The drug 3 beta-[4'-iodophenyl]tropan-2 beta-carboxylic acid methyl ester (RTI-55) is a cocaine congener with high affinity for the dopamine transporter (Kd < 1 nM). The present study characterized [125I]RTI-55 binding to membranes prepared from rat, monkey and human caudates and COS cells transiently expressing the cloned rat dopamine (DA) transporter. Using the method of binding surface analysis, two binding sites were resolved in rat caudate: a high-capacity binding site (site 1, Bmax = 11,900 fmol/mg of protein) and a low-capacity site (site 2, Bmax = 846 fmol/mg of protein). The Kd (or Ki) values of selected drugs at the two sites were as follows: (Ki for high-capacity site and Ki for low-capacity site, respectively): RTI-55 (0.76 and 0.21 nM), 1-[2-diphenyl-methoxy)ethyl]-4-(3-phenylpropyl)piperazine (0.79 and 358 nM), mazindol (37.6 and 631 nM), 2 beta-carbomethoxy-3 beta-(4-fluorophenyl)tropane (45.0 and 540 nM) and cocaine (341 and 129 nM). Nisoxetine, a selective noradrenergic uptake blocker, had low affinity for both sites. Serotonergic uptake blockers had a high degree of selectivity and high affinity for the low-capacity binding site (Ki of citalopram = 0.38 nM; Ki of paroxetine = 0.033 nM). The i.c.v. administration of 5,7-dihydroxytryptamine to rats pretreated with nomifensine (to protect dopaminergic and noradrenergic nerve terminals) selectively decreased the Bmax of site 2, strongly supporting the idea that site 2 is a binding site on the serotonin (5-HT) transporter. This serotonergic lesion also increased the affinity of [125I]RTI-55 for the DA transporter by 10-fold. The ligand selectivity of the caudate 5-HT transporter was different from the [I125]RTI-55 binding site on the 5-HT transporter present in membranes prepared from whole rat brain minus caudate. The [125I]RTI-55 binding to the DA transporter was further resolved into two components, termed sites 1a and 1b, by using human and monkey (Macaca mulatta) caudate membranes but not the membranes prepared from rat caudate or COS cells that transiently expressed the cloned cocaine-sensitive DA transporter complementary DNA. Similar experiments also resolved two components of the caudate 5-HT transporter. Viewed collectively, these data provide evidence that [125I]RTI-55 labels multiple binding sites associated with the DA and 5-HT transporters.

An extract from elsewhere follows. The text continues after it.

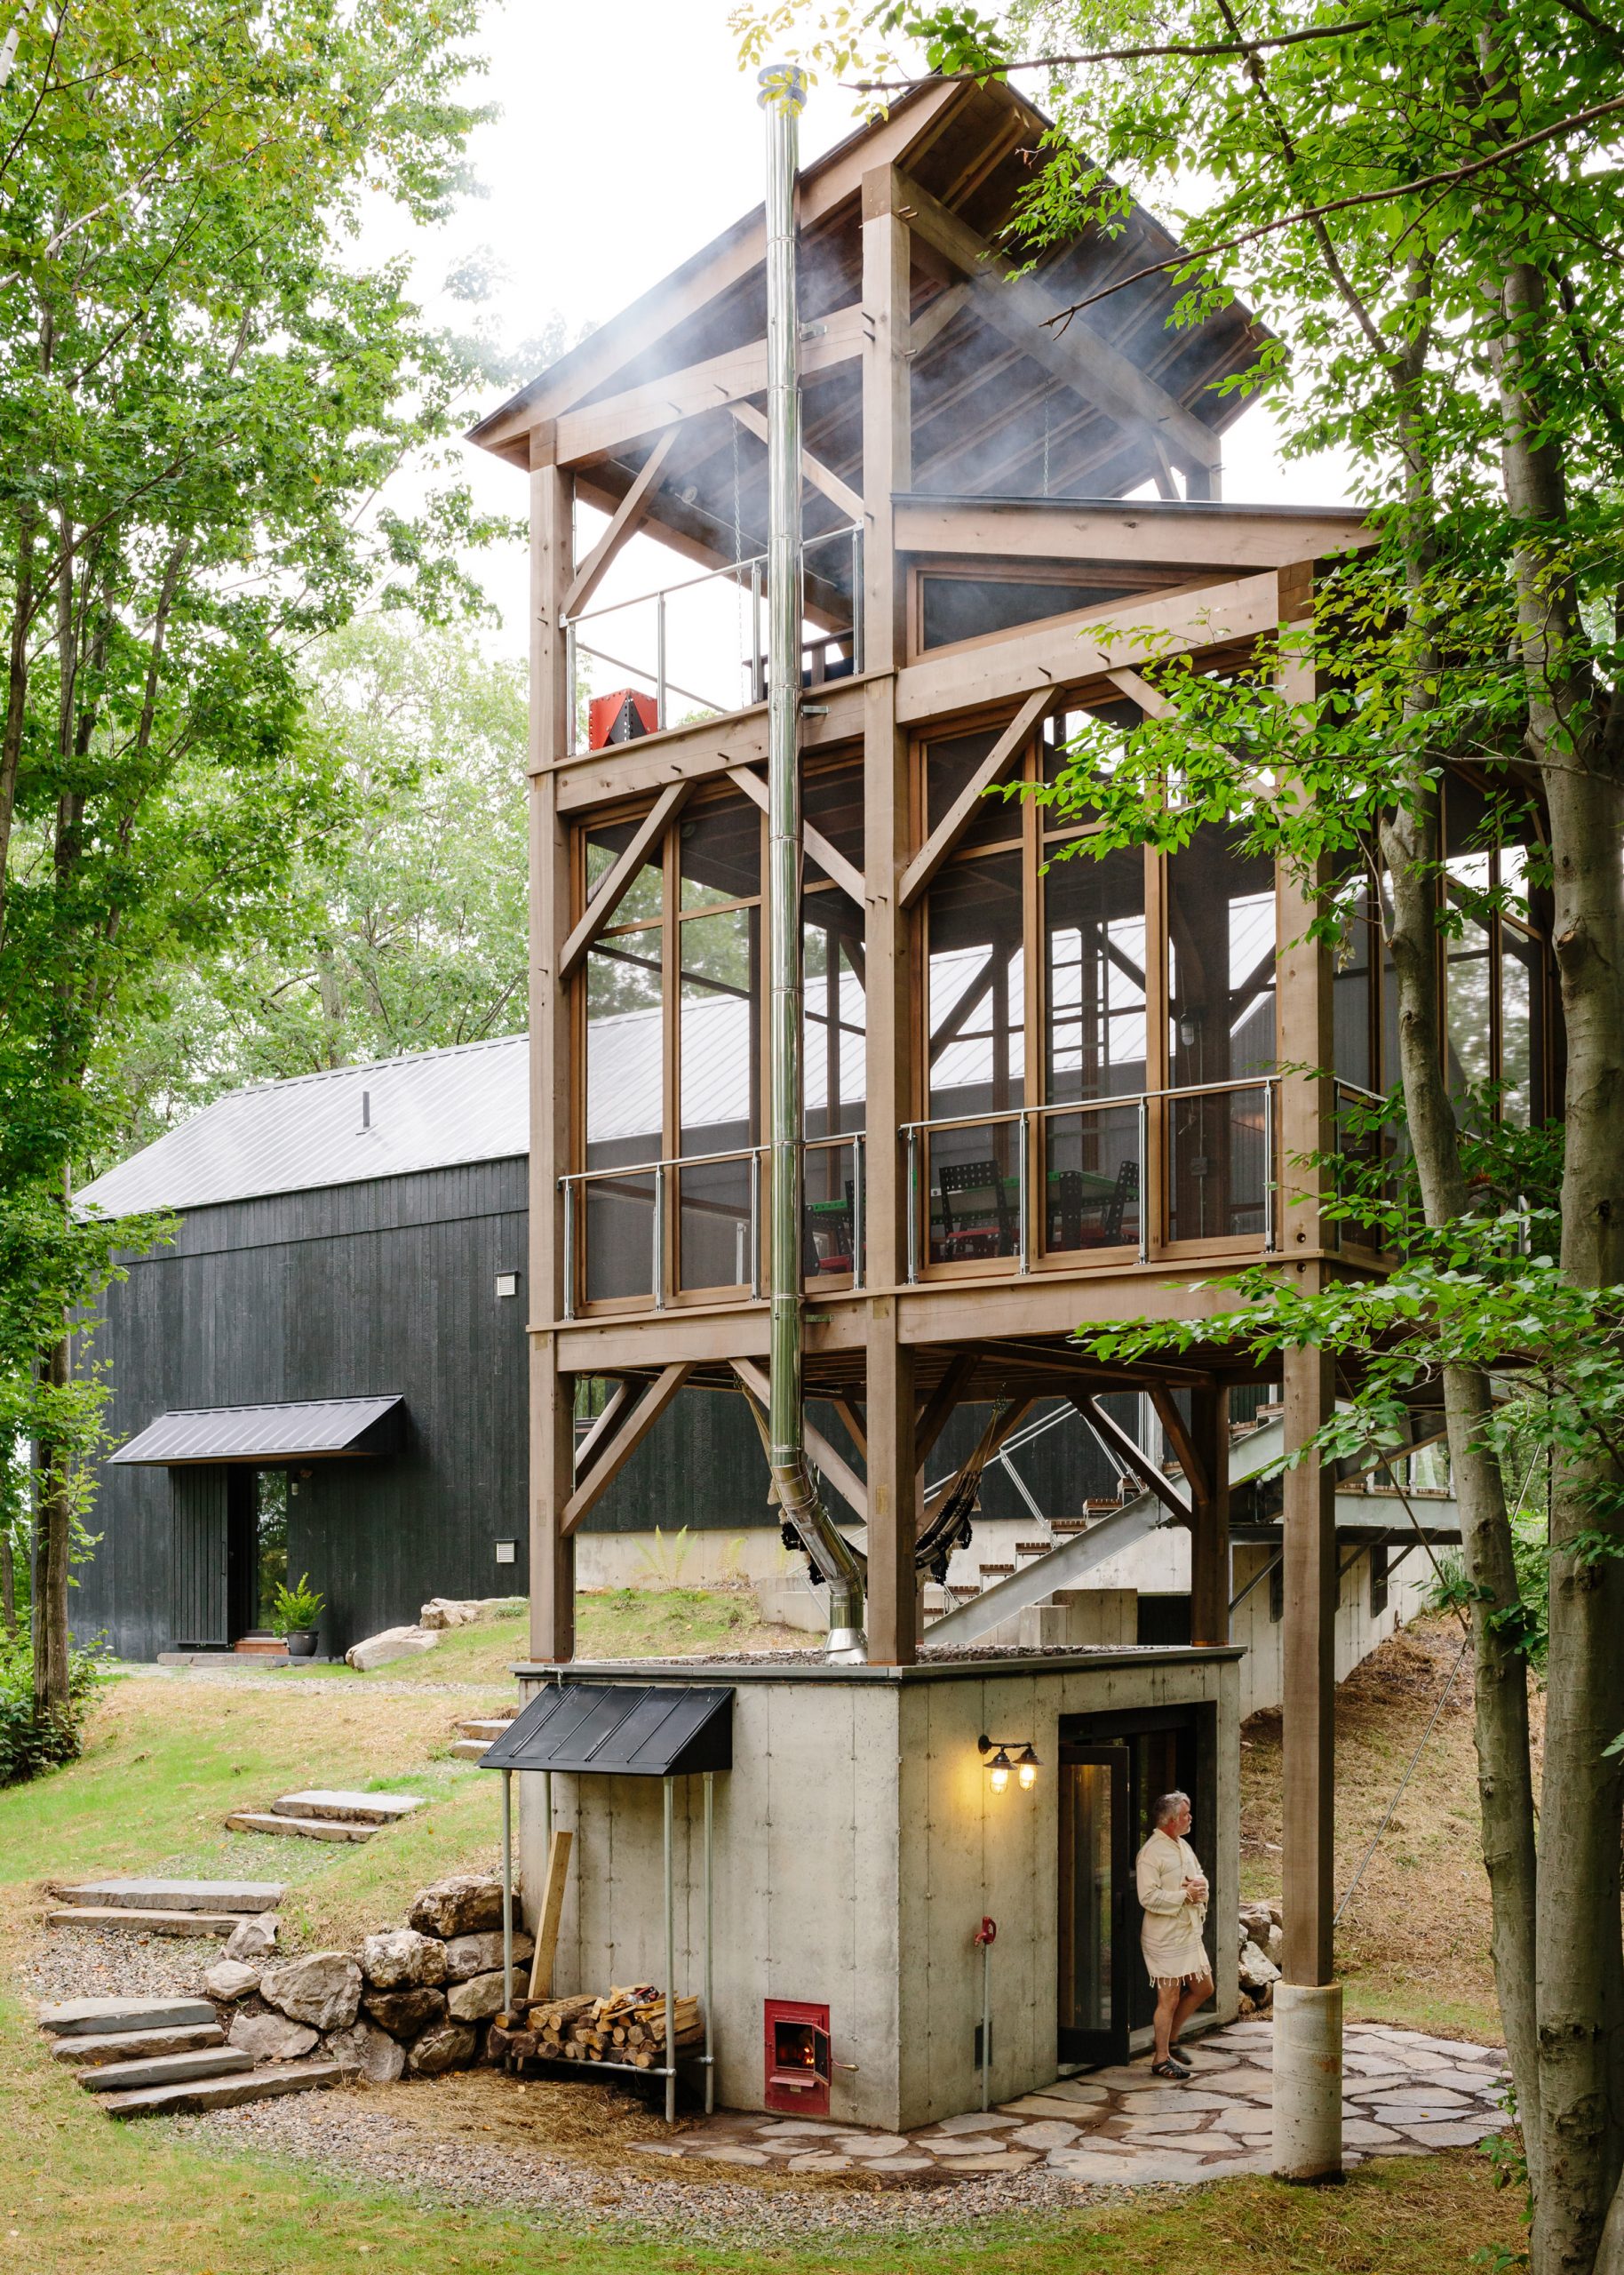 A three-storey outdoor sauna

药物3β-[4'-碘苯基]托烷-2β-羧酸甲酯(RTI-55)是一种对多巴胺转运体具有高亲和力(Kd < 1 nM)的可卡因类似物。本研究对[125I]RTI-55与大鼠、猴和人尾状核以及瞬时表达克隆大鼠多巴胺(DA)转运体的COS细胞制备的膜的结合特性进行了表征。使用结合表面分析方法,在大鼠尾状核中分辨出两个结合位点:一个高容量结合位点(位点1,Bmax = 11,900 fmol/mg蛋白质)和一个低容量位点(位点2,Bmax = 846 fmol/mg蛋白质)。所选药物在这两个位点的Kd(或Ki)值如下:(分别为高容量位点的Ki和低容量位点的Ki):RTI-55(0.76和0.21 nM)、1-[2-二苯基甲氧基)乙基]-4-(3-苯基丙基)哌嗪(0.79和358 nM)、马吲哚(37.6和631 nM)、2β-甲氧羰基-3β-(4-氟苯基)托烷(45.0和540 nM)以及可卡因(341和129 nM)。去甲替林,一种选择性去甲肾上腺素摄取阻滞剂,对这两个位点的亲和力都很低。5-羟色胺摄取阻滞剂对低容量结合位点具有高度选择性和高亲和力(西酞普兰的Ki = 0.38 nM;帕罗西汀的Ki = 0.033 nM)。向用诺米芬辛预处理过的大鼠(以保护多巴胺能和去甲肾上腺素能神经末梢)脑室内注射5,7-二羟基色胺,选择性地降低了位点2的Bmax,有力地支持了位点2是5-羟色胺(5-HT)转运体上的一个结合位点的观点。这种5-羟色胺能损伤还使[125I]RTI-55对DA转运体的亲和力增加了10倍。尾状核5-HT转运体的配体选择性与从大鼠全脑减去尾状核制备的膜中存在的5-HT转运体上的[I125]RTI-55结合位点不同。通过使用人类和猴(猕猴)尾状核膜,但不使用大鼠尾状核或瞬时表达克隆可卡因敏感DA转运体互补DNA的COS细胞制备的膜,[125I]RTI-55与DA转运体的结合进一步分辨为两个成分,称为位点1a和1b。类似的实验也分辨出了尾状核5-HT转运体的两个成分。总体来看,这些数据提供了证据,表明[125I]RTI-55标记了与DA和5-HT转运体相关的多个结合位点。